Family Needs Help Moving Grandfather’s Body Out Of Home
Christoll Millard is devastated by the death of her grandfather, Frank Hammonds.
“That’s my grandpa dead in there,” she said, fighting back tears and pointing to her family’s home in Chaparral, New Mexico.
82 year old Frank Hammonds died at 5 AM on Friday but several hours later his decomposing body remained inside the family’s home. His widow Darlene said they can not afford to pay for an ambulance to take him to a morgue. She relies on social security checks and says it’s not enough to cover the fee.
“He’s been a good father and I don’t think he deserves to be treated this way,” she said.

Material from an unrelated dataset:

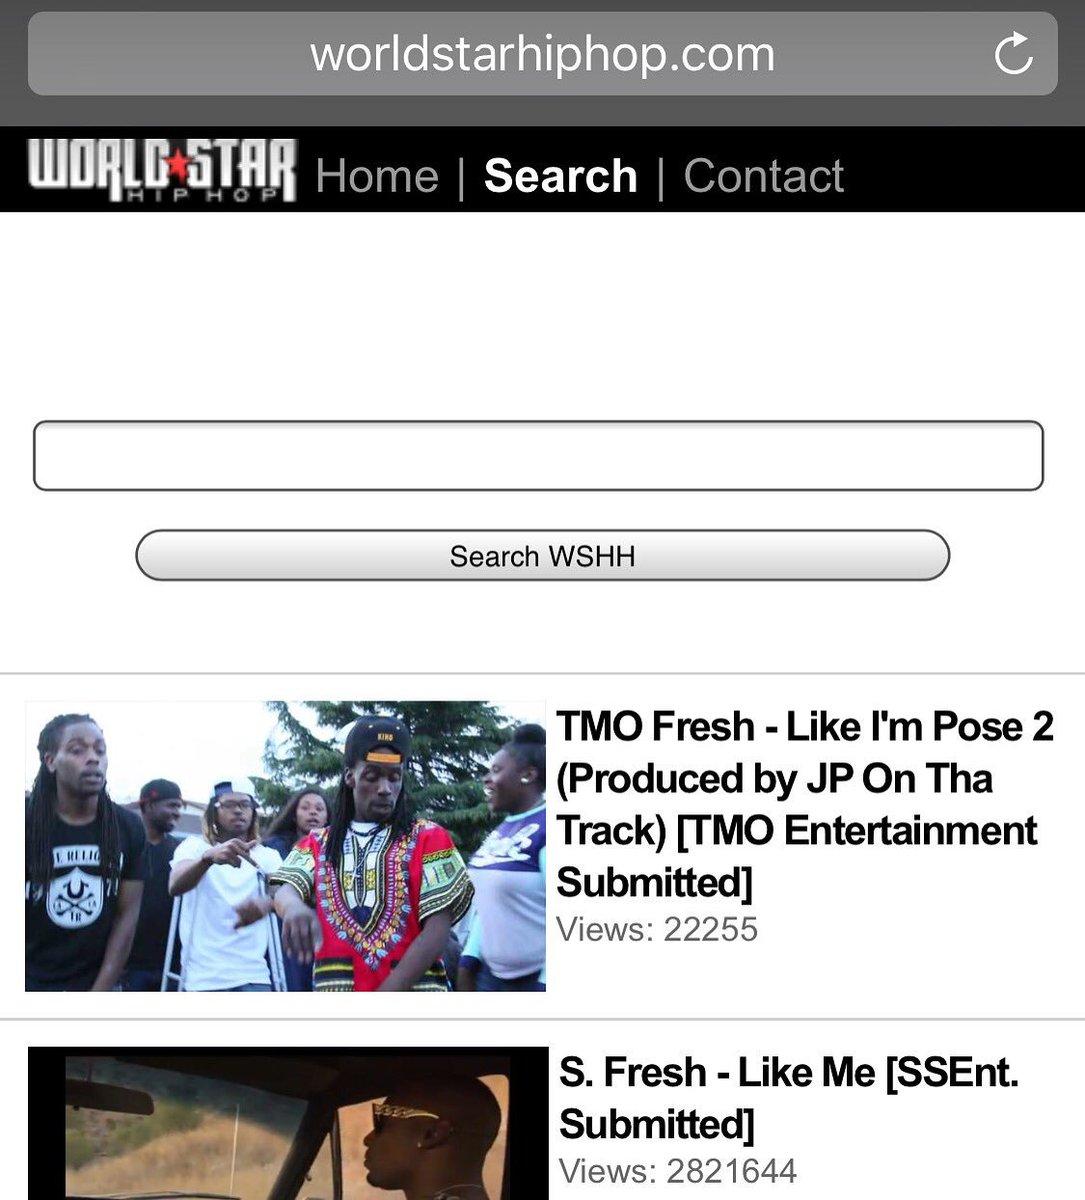 Tmofresh M Worldstarhiphop Com Apple Video Phpvwshh9pq4rltydu0e2xsb Worldstarhihop Thinkingmoneyonlyent Tmo Fresh Official Video Like Im
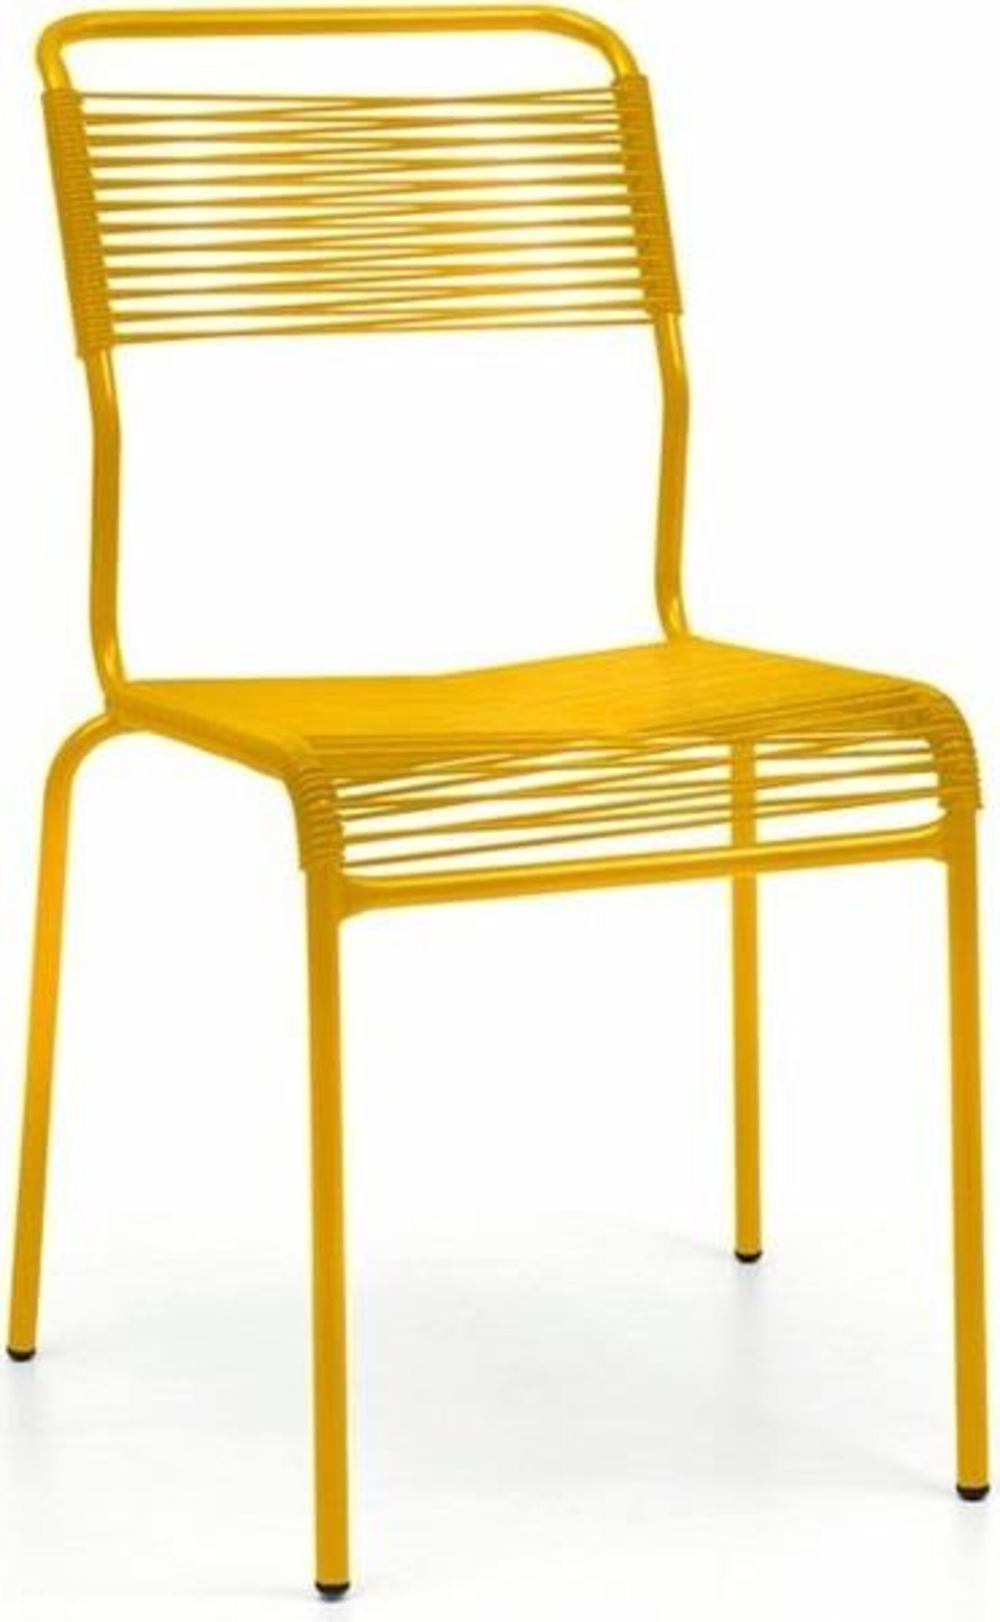 Santis Spaghetti Gartenstuhle Stuhle Gartentisch

Medical investigators from Dona Ana County went to the Hammond’s home the morning he was found dead. They determined the death was not suspicious then left.
“They poked him and they took blood from him but they can’t take him? That’s hard on us,” said Millard.
ABC-7 spoke to a county spokesperson. They said it is not the county’s responsibility to transport bodies. That financial–and emotional–burden falls on the deceased person’s family.
Now Hammond, a veteran who served in the Korean War, lies in the bedroom he once shared with Darlene. She says that now his grandchildren are scared to go inside the house. “They don’t want to go in there and see him anymore and it’s just heartbreaking to think that he has to lay in there all this time and not one hospital or ambulance wants to take him without cash,” she said.
The family would like for Hammonds to be taken to Beaumont Army Medical Center’s morgue. They said they would take the body to the morgue themselves if it came down to that, and added they’d like to scrape together enough cash to arrange a proper funeral.